Prensa, radio y televisión recogen estos días una palabra sobre el resto, una ante todas, recortes. Da igual el signo ideológico del diario que se lea, de la radio que se escuche o de la televisión que se vea, todas recogen los recortes. Y no es que ahora, aún más, estos mass medias estatales y canarios sean fanáticos del fútbol o del presunto arte-asesino taurino, no. Recortes sólo son los de Zapatero.
Y cogió recortes Zapatero de lo que se le mandaba a hacer. Mucho se ha especulado sobre si fue el Obama, por lo visto 15.000 millones de Euros se recortan por teléfono, la Merkel o la Europa. Tanta especulación en balde para aclarar lo que ya está claro de per se. Y es que sobra decir, que lo mandó, el que todo lo manda, el de arriba, el Capital, ese al que los capitalistas llaman eufemísticamente, el mercado.
Puestos a recortar abrió la poda el gobierno español. No podía podar a los banqueros, !qué va¡, no podía podar en gasto militar, !Viva Afganistán¡, a la iglesia tampoco iba a quitar. Muchos menos hablar de recuperar impuestos de redistribución de la riqueza como el de patrimonio o el de sucesiones, no podía subir los tramos del IRPF a los que más tienen, ni invertir en una política de eficaz de vigilancia fiscal, nada de eso Zapatero podía aceptar.

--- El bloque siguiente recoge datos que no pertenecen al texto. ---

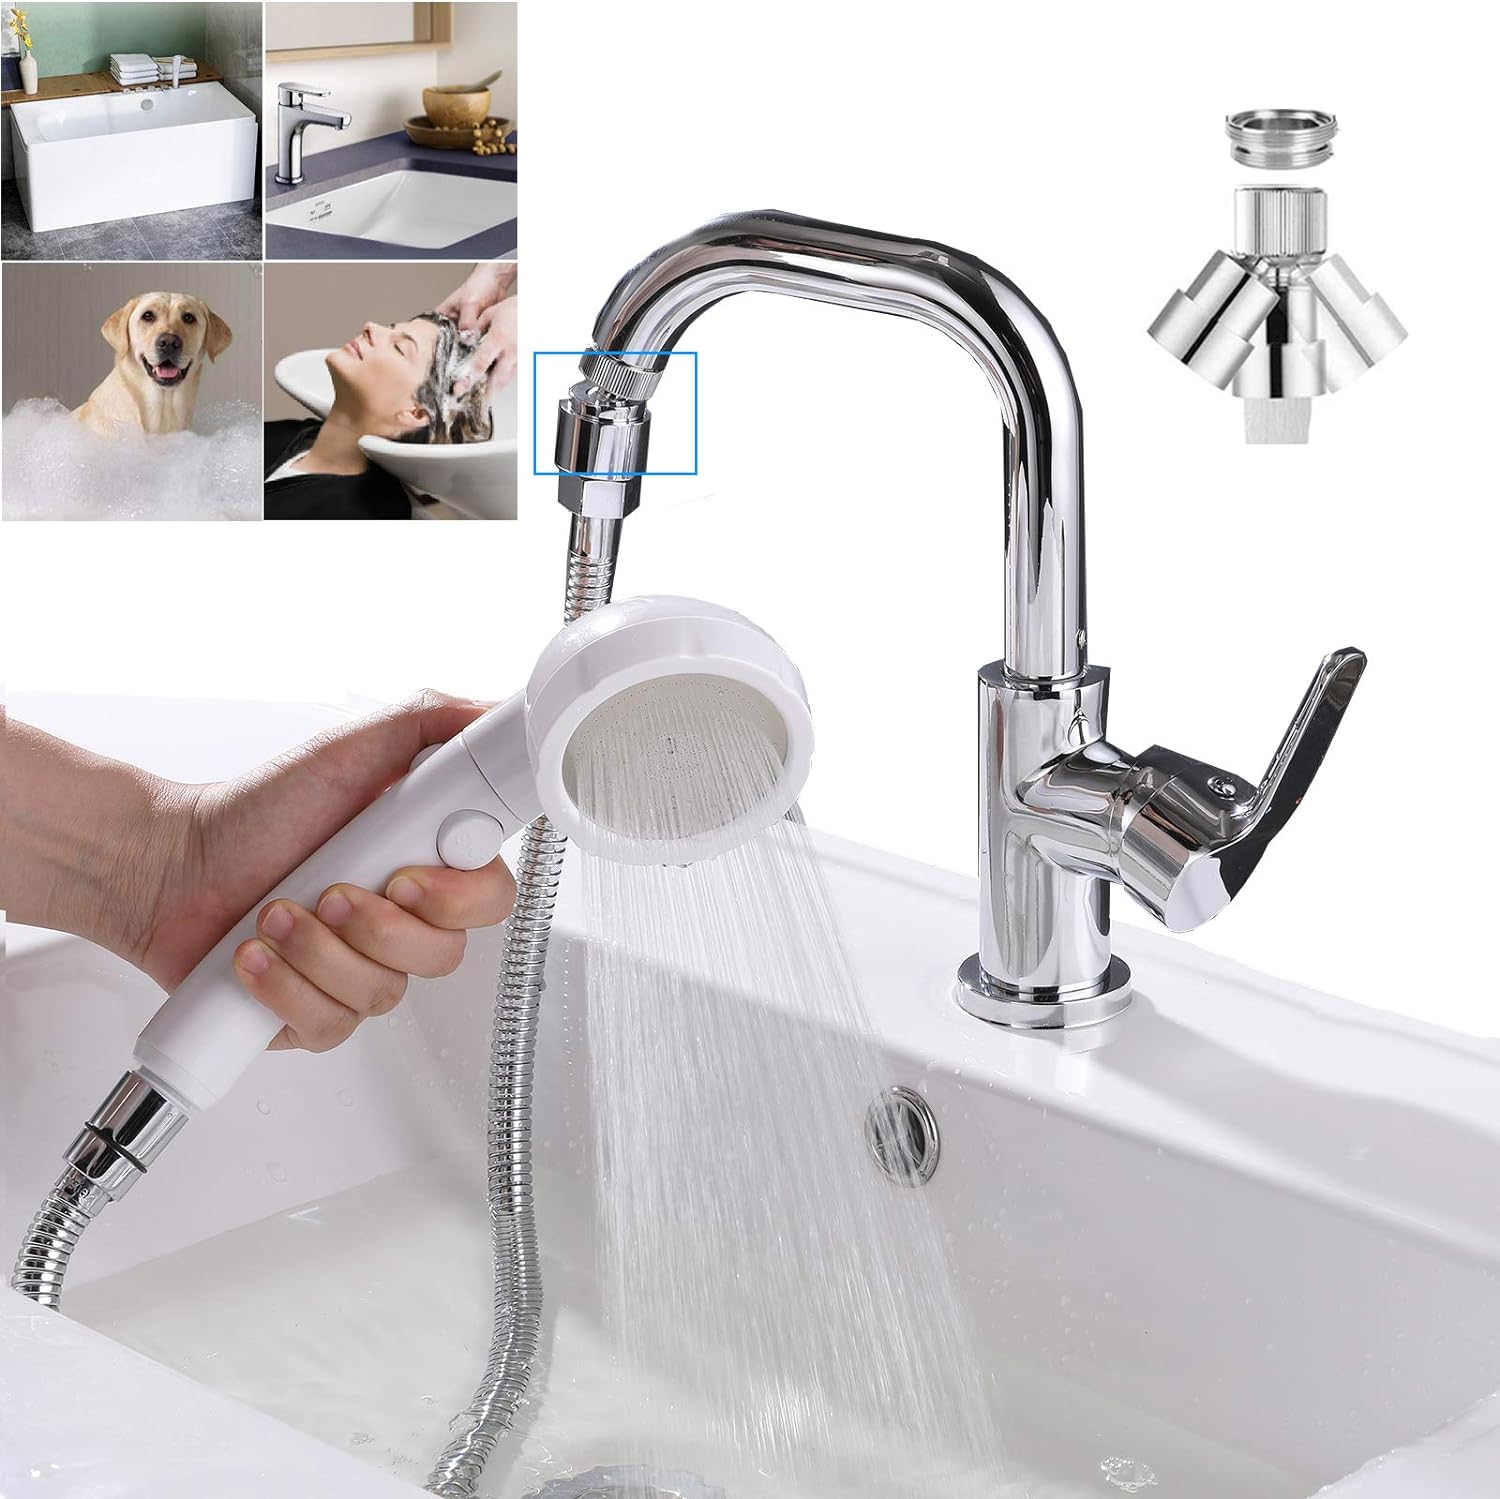 Qmlala Shower Adapter For Tub Faucet, Bathtub Hose Adapter

Empezó el recorte y como siempre, se intenta pelar a quienes ya apenas tienen pelo. A los de siempre. Se recorta en dependencia, quitando la retroactividad de la prestación, que en Canarias (Gracias, Inés Roja) tardan una media de 2 años en llegar. Se recorta en maternidad quitando la prestación de los 2500 euros por hijo nacido o adoptado, como si ya tener y mantener un hijo fuera fácil, no se podía mantener la prestación por tramos de renta, como, por otra parte, hubiera sido lo mejor desde un principio, no, se tenía que cepillar de golpe, !Qué no estamos en elecciones hombre¡. Se recorta en obra pública, mejor dicho, se recorta una barbaridad en obra pública. En un Estado con regiones totalmente carentes de infraestructuras, regiones olvidadas de la mano de Dios en post de Madrid y el Gran Norte. Un estado que sobrepasa el 20% de parados, sin contar con los parados maquillados, necesitado, ahora más que nunca, de la iniciativa estatal para crear empleo presente y futuro. Se recorta, mejor dicho se congela la revalorización de las pensiones, no afectando a las pensiones mínimas, en torno a los 400 euros, ni a las no contributivas, esto es lo que había que hacer, no se podía recortar considerablemente el tope máximo de pensiones, que está en torno a la escalofriante cifra de los 3500 euros, teniendo en cuenta que el tope mínimo, aproximadamente 400 euros, es un poco más de la mitad que el Salario Mínimo Interprofesional. No se podía ir a sistema de pensiones más justo, equitativo y equilibrado, en el que se subiera la pensión mínima, pero se bajará aún más en proporción el tope máximo, no, esto puede parecer de izquierdas.
En esto es en lo que hay que recortar, en prestaciones sociales y en potencial creación de empleo, esto es lo que sobra. El argumento, el de siempre, el de abrocharse el cinturón. Pedirle abrocharse el cinto a quien ya no tiene pantalones, seguramente el banco se los quitó junto a su casa. Pedirle que se abroche el cinturón a una familia que tiene una boca nueva que alimentar, a quien tiene a un familiar discapacitado que cuidar, a los jubilados que malviven en situaciones del todo ruinosas, a los de siempre. Mientras tanto, los de siempre, los otros, los que imponen y mandan, los que han quitado toda soberanía a los Estados, los que realmente han generado la crisis, no nos engañemos, para enriquecerse todavía más, a esos mejor dejarlos quietos, no vaya a ser que se vayan. El capital y sus secuaces que quede impoluto, que no se manche. Todo amparado en la reducción del déficit, en la presunta panacea neoliberal de contar con Estados que no puedan endeudarse, aunque dicha deuda sea admisible y sobre todo, asumible. El motivo, y el objetivo, reducir el Estado a su mínima expresión, reducir su capacidad de endeudamiento y por tanto de inversión pública y social, privatizar, en buena medida, lo que éste venía dando, más de lo mismo, otra cortina de humo. Mientras tanto, el proletario, tiznado de vergüenza, manchado por unos que se hacen llamar de Izquierdas. Zapatero se quitó la careta y recortó, anda que no recortó.